For the "It's too early to think crowd"...
How did Healthcare Advocates determin that Haridng Early was making hundreds of requests for files on the Wayback Machine? The logs would have been kept on the Wayback Machine's servers, not on anything Healthcare Advocates would have access to easily. Harding Earley would be accessing the files via the Wayback Machine's copies, not the copies that are kept on Healthcare Advocates website
I would argue it comes down to the media more than anything. See, they publish all these stories about stupid lawsuits, but make them sound like they actually stand a chance. Then they fail to mention that a few months later the lawsuit was tossed out or lost at summary judgment and fell apart.
So what they've done (quite successfully) is make everyone think that all people do in the US is sue each other to death, but fact is that most of these lawsuits like this you hear about never go anywhere, and just end up ruining the lawyers' reputations. Then the media stories turn the public against the legal system and lawyers in general.
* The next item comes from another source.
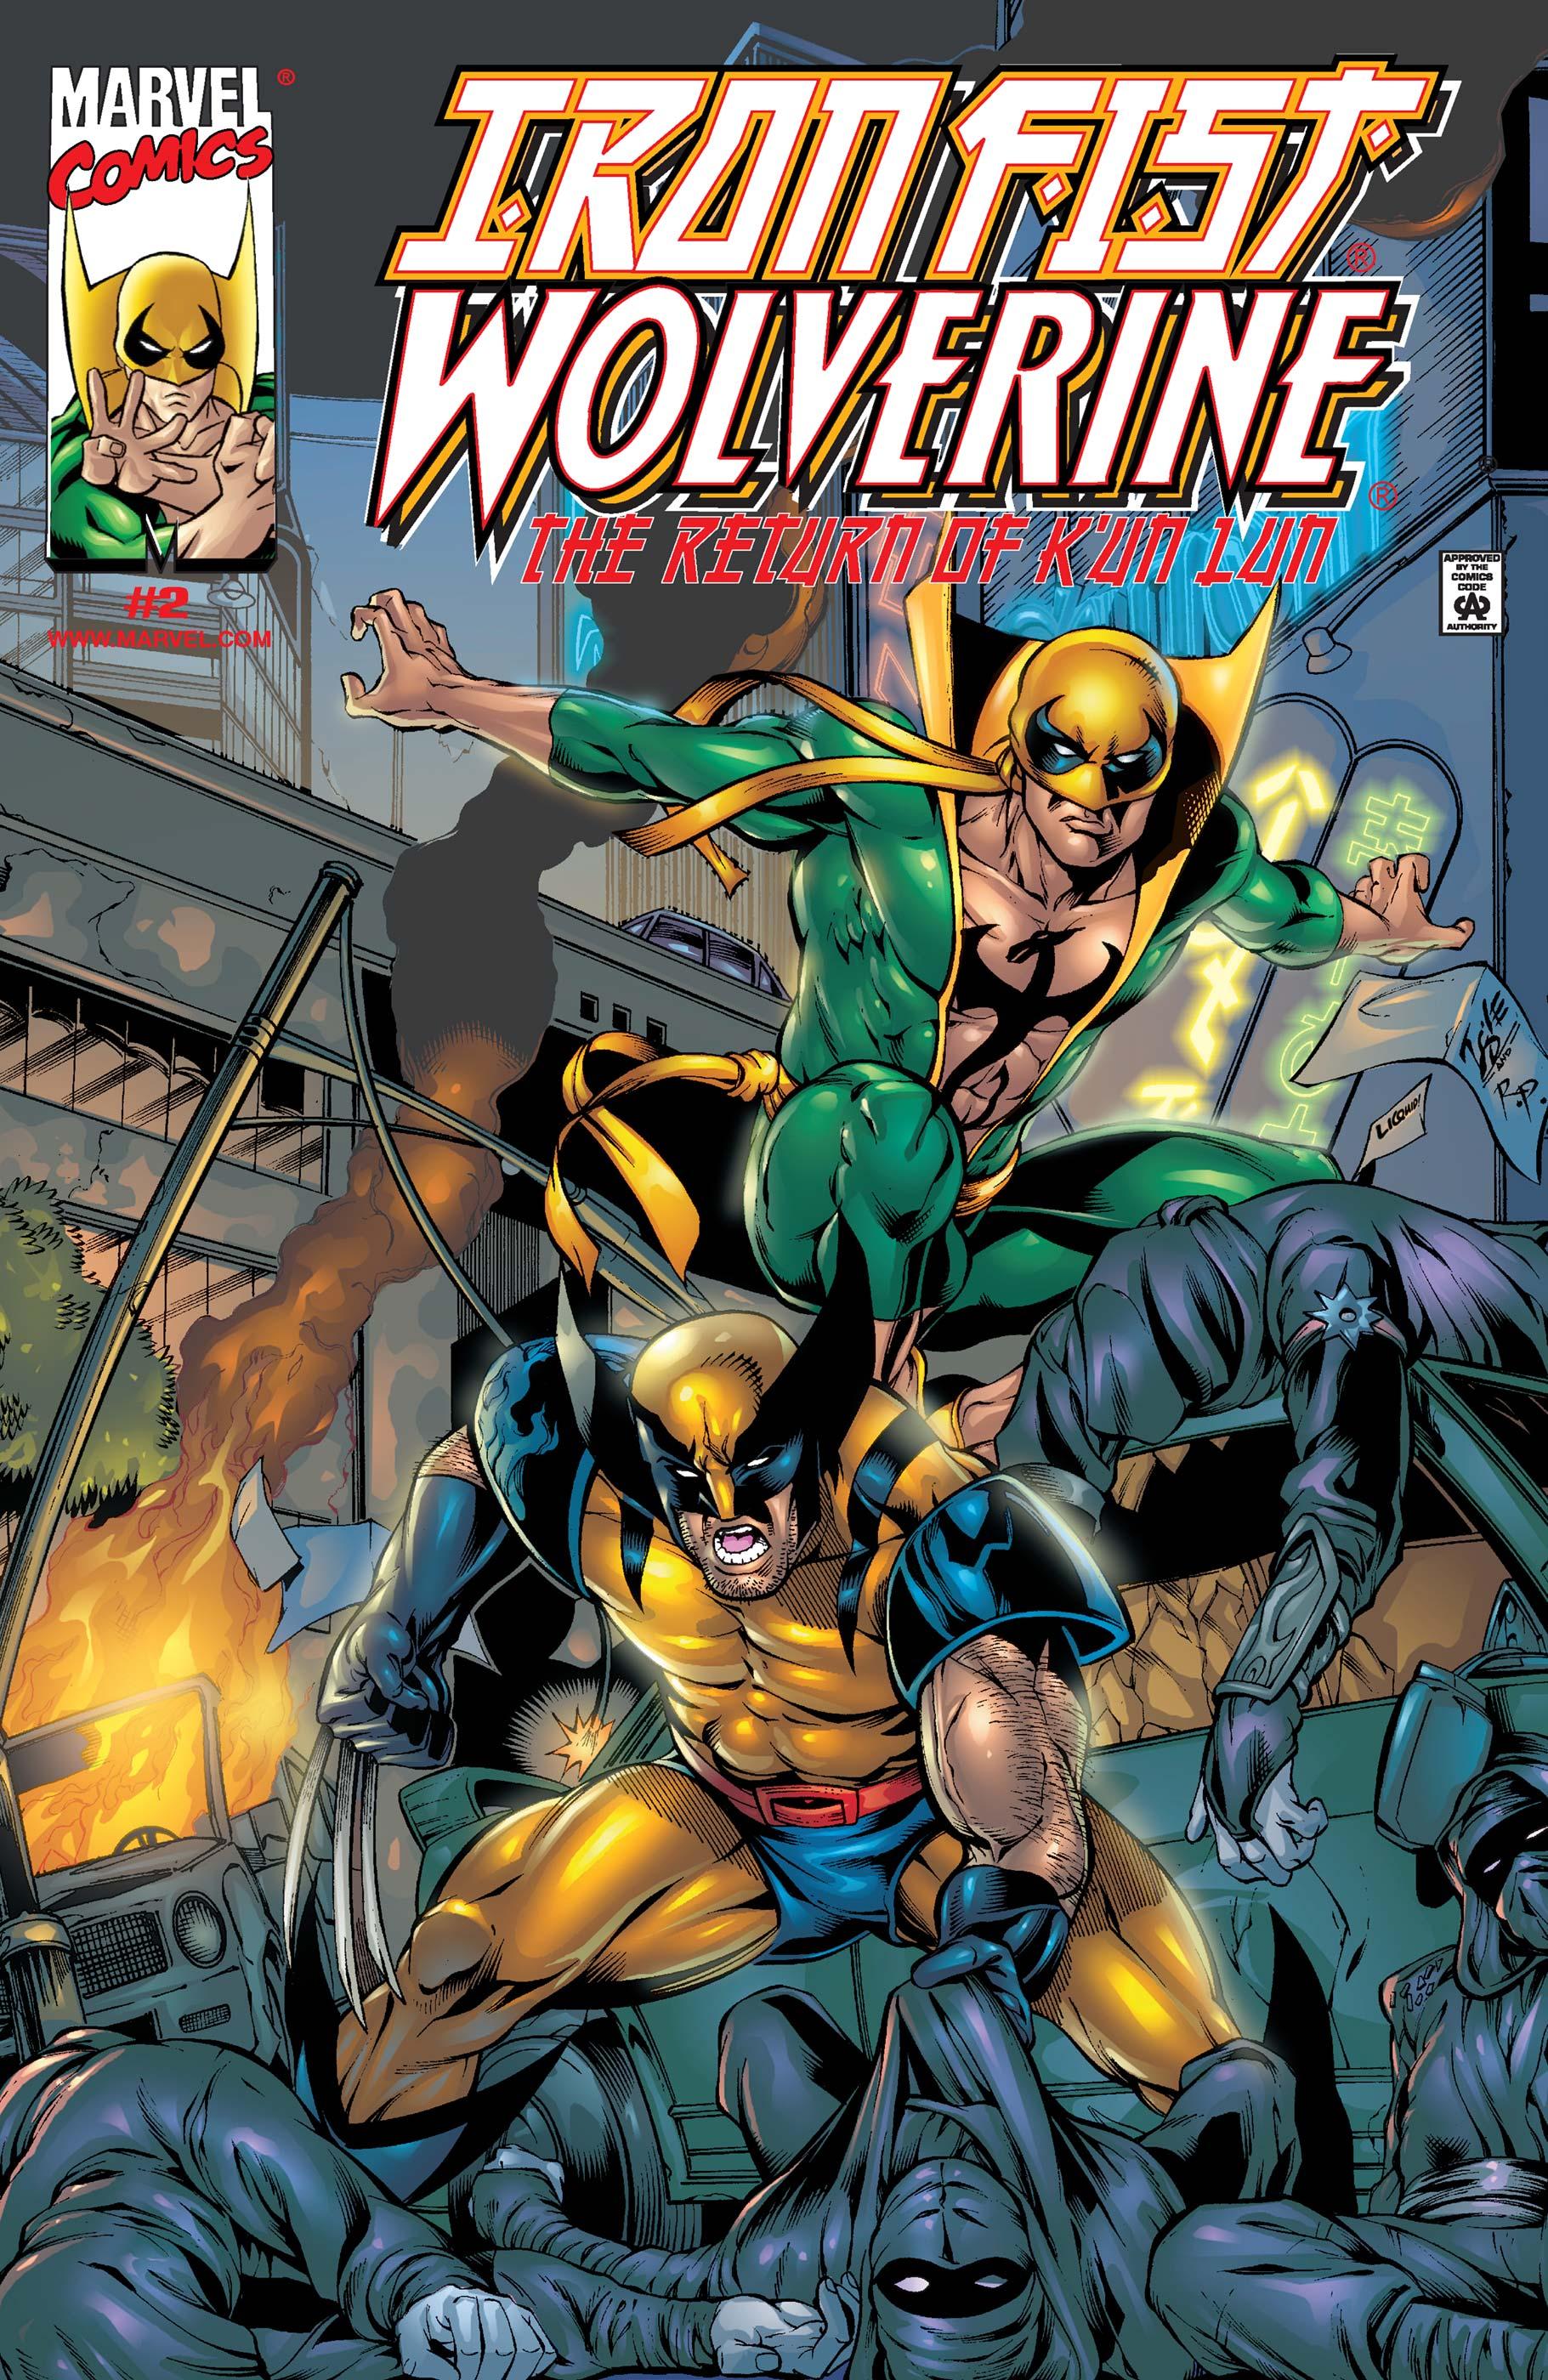 Iron Fist/Wolverine (2000) #2
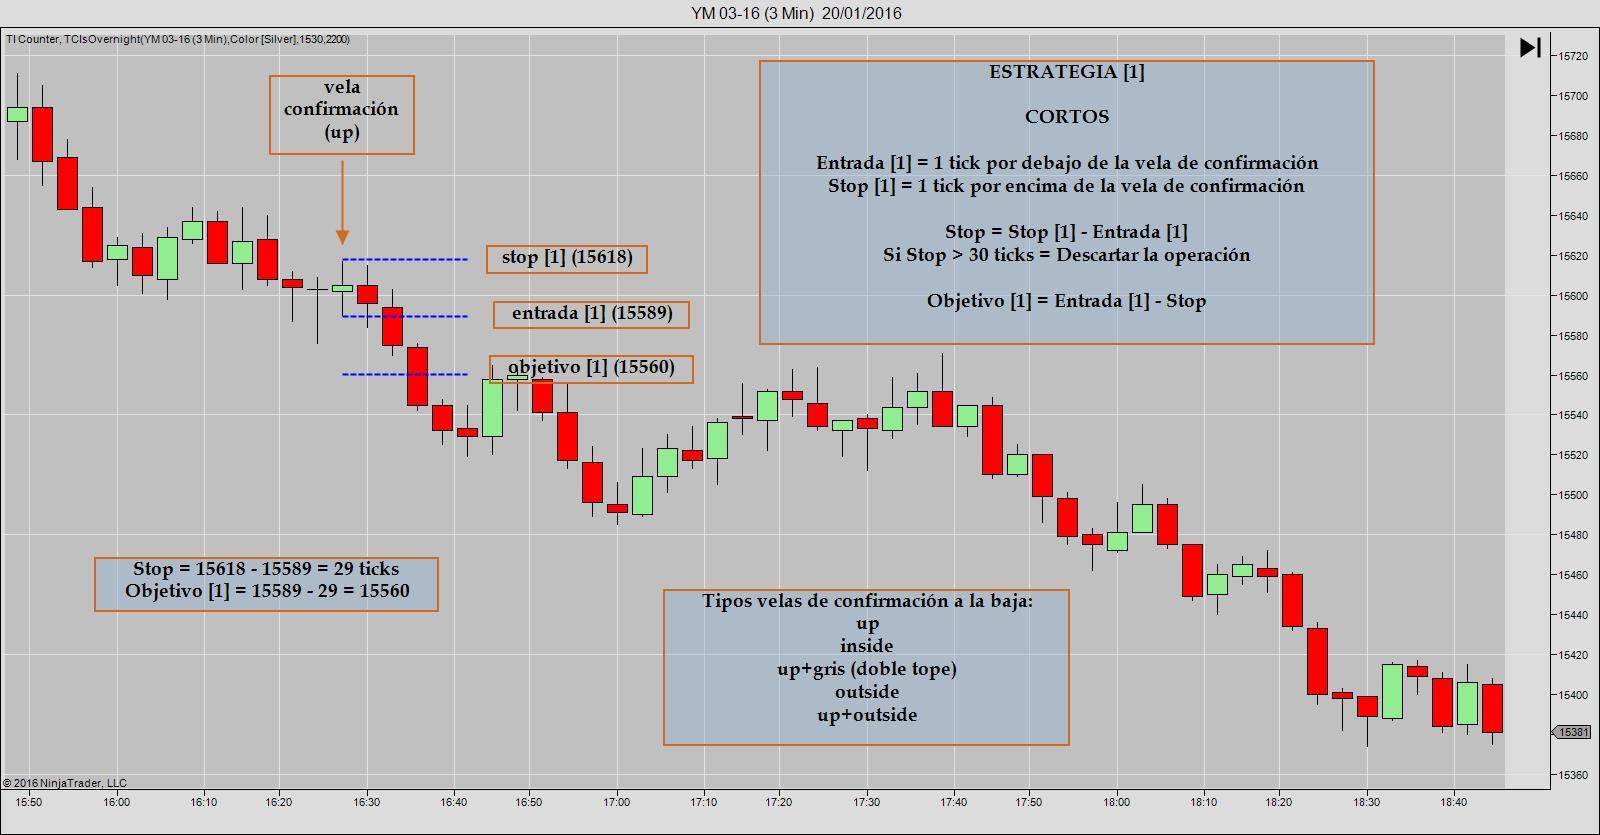 TP 1 05B Estrategia [1] Cortos

When business is bad, you just pick on lawyers and things turn around it seems. It works for the media and politicians at least.
What?
When will I be sued for remembering old stories and telling it to others ?
http://en.wikipedia.org/wiki/I_have_a_dream
KFG
Problem is, The plaintif claim the thier robot.txt file instructs the webcrawler to dis-allow access to the older archives of the plaintifs web content. The fact that you can block access to your older PUBLISHED content is disturbing in itself because it is so useful in finding the truth. I should be illegal to tamper with the evidence. The Wayback machine should show everything at set the standard before it's to late. Perhaps it is time to "Rise Up".
The government which is strong enough to protect you from everything is strong enough to take everything from you.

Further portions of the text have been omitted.